Machine learning in trading: theory, models, practice and algo-trading - page 3260

 
Forester #:

This is the input matrix.
The output will be 15000 strokes to each of the 15000 rows. As in all other examples about 1.7 Gg each (if in Double by 8 bytes)

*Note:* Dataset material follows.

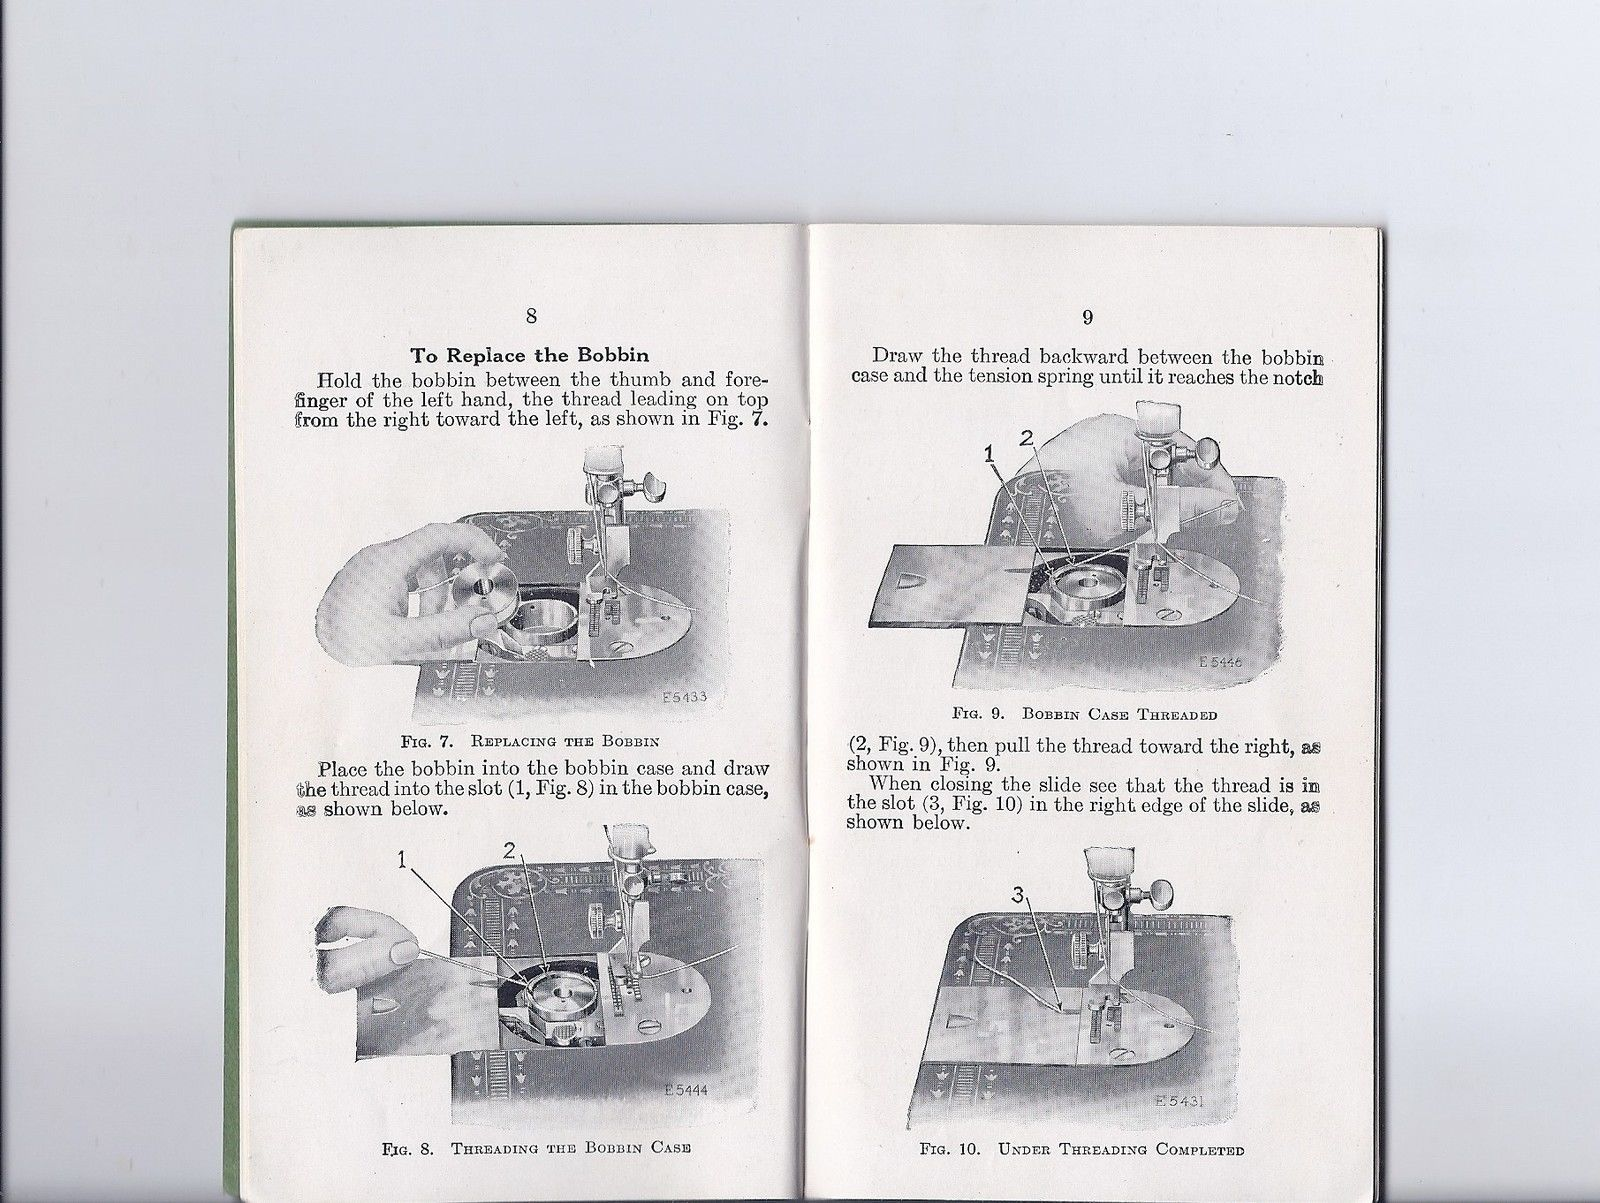 Antique 1924 Singer Model 66 Redeye Treadle Sewing Machine Wiring Diagram Instruction Manual Ebay

I agree that this is not how it counts.

 
fxsaber #:

So far, I don't see any technical obstacle to calculate a million-by-million matrix on a simple home machine. But the comparison of NumPy vs MQL5 is very important for me.

Are you sure?


For example, an input matrix with 50,000 columns/100 rows will give a correlation matrix of 50, 000 x 50, 000 x 8 bytes / (1024 x 1024 x 1024) = 18.63 GB

 
input int inRows = 100; // Длина строки
input int inCols = 15000; // Количество строк

bool IsEqual( matrix<double> &Matrix1, const matrix<double> &Matrix2 )
{
  Matrix1 -= Matrix2;  
  
  const bool Res = (MathAbs(Matrix1.Mean()) < 1 e-15);
  
  Matrix1 += Matrix2;
  
  return(Res);
}

#define  TOSTRING(A) #A + " = " + (string)(A) + " "

void OnStart()
{  
  double Array[];  
  Print(FileLoad("qwe\\arr.csv", Array)); // RAM-drive. https://www.mql5.com/ru/forum/86386/page3258#comment_49549438
  
  matrix<double> Matrix;  
  Matrix.Assign(Array);
  Matrix.Init(inCols, inRows);
  Matrix = Matrix.Transpose();
  
  ArrayFree(Array);  
  Print(FileLoad("qwe\\matr.csv", Array)); // RAM-drive. https://www.mql5.com/ru/forum/86386/page3258#comment_49549438

  matrix<double> Matrix2;
  Matrix2.Assign(Array);
  Matrix2.Init(inCols, inCols);
  Matrix2 = Matrix2.Transpose();
    
  ArrayFree(Array);
  
  matrix<double> Matrix1 = CorrMatrix(Matrix); // https://www.mql5.com/ru/forum/86386/page3256#comment_49538685

  Print(TOSTRING(IsEqual(Matrix1, Matrix2)));
}


Full coincidence of NumPy calculation values with MQL5.

1500000
225000000
IsEqual(Matrix1, Matrix2) = true 
 
Forester #:

This is the input matrix.
The output will be 15000 strokes to each of the 15000 rows. As in all other examples about 1.7 Gg each (if in Double by 8 bytes)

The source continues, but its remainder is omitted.